Ogufere recalled with nostalgia how she started reading. Ogufere and Mbadugha attested to the healing power inherent in the reading and writing of books. Ogufere confessed to how she was forced to read, but which later cured her of trauma and clinical depression.

“The reason I read at first was that my father would buy books and ask us to read,” said Ogufere. “So, it was compulsory for us. By the time we heard the car horn, everyone would pick a book and pretend to be reading. Sometimes, reading makes you beautiful. One way to make children read more is to put the books in their phones and make it look dramatic. At the end of the day, we owe it to ourselves to read. Why was I able to write? I have more than 50 published books on Amazon. I read everyday and I encourage my kids to read.

“Another thing that made me read was trauma.

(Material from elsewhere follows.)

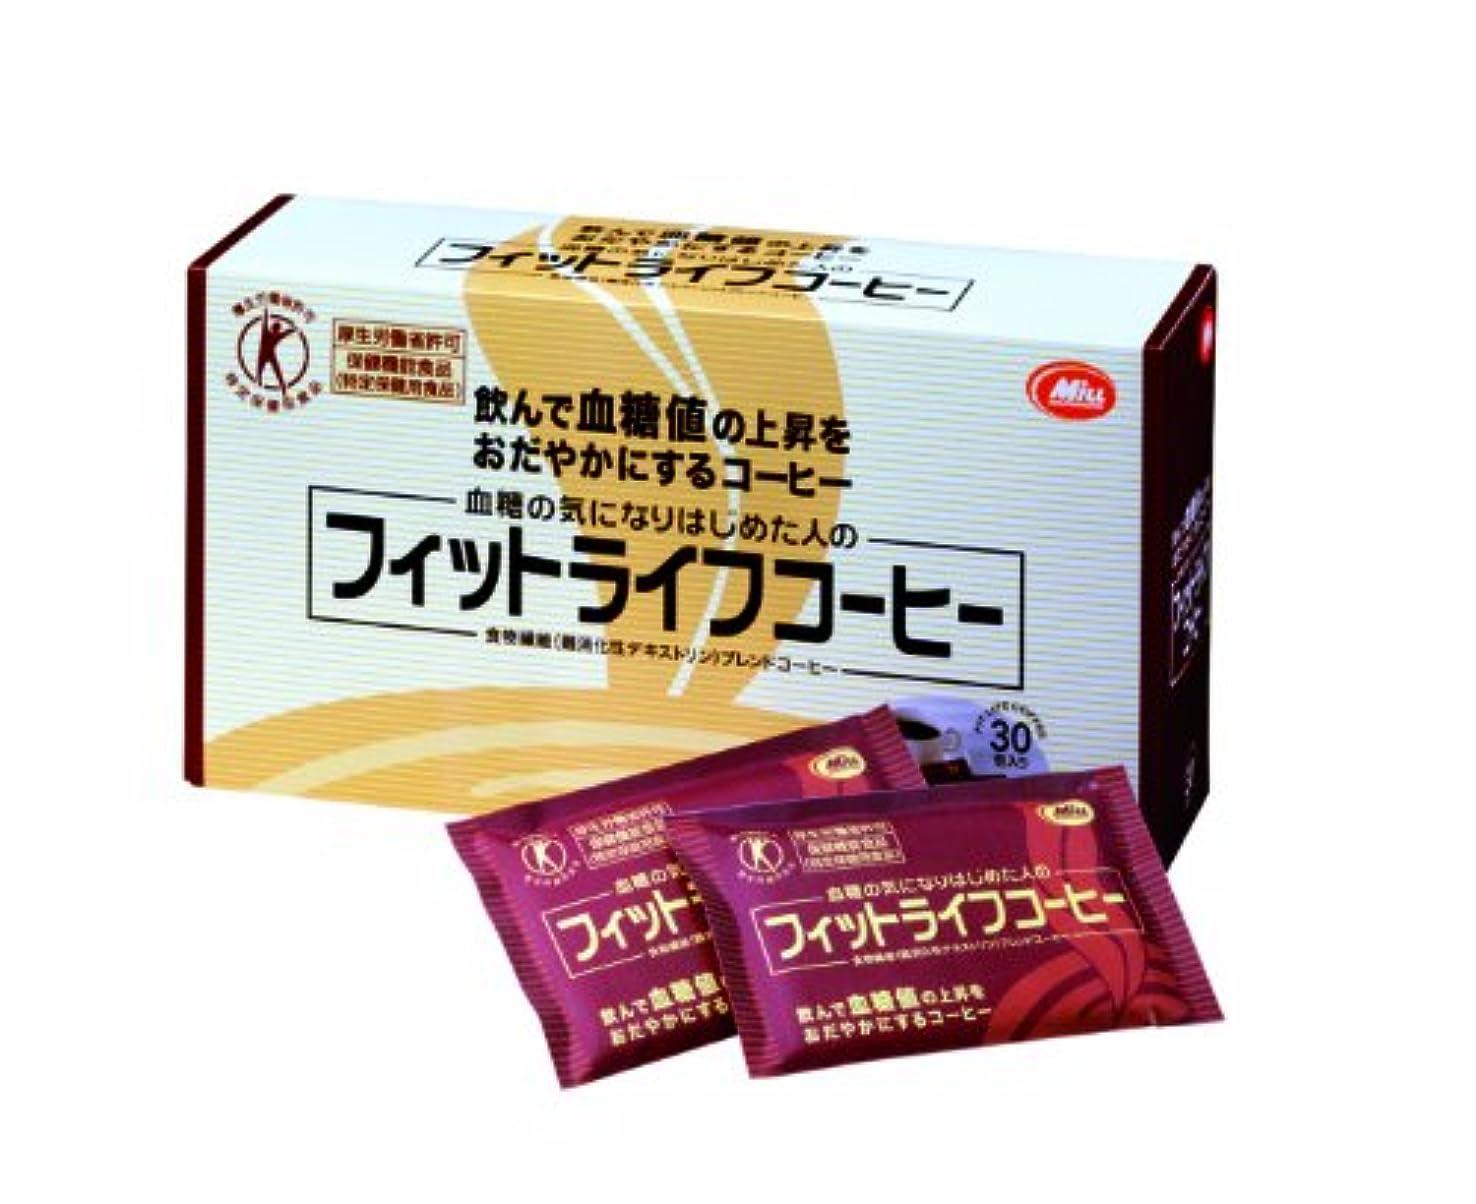 裂け目送信する検索エンジンマーケティングフィットライフコーヒー 30包

I suffered clinical depression for two years, and at that time, my dad had passed and I couldn’t afford therapy. I started to read books. By the time I read one book, I cried, and then when I wrote my first book, that book healed me of clinical depression. When we read let’s not just be like the coin that keeps accumulating. Let’s also write, because writing can heal you.”

For Mbadugha, “Writing and reading can be therapeutic. I like to write fiction because I’m able to dictate the ending. In life, I can’t dictate how things will end, but in fiction I can dictate how things work, and that helps me escape from things around me that I don’t like. People have asked me how I practice medicine and write. When you like something, you will create that time. Passion will push you.”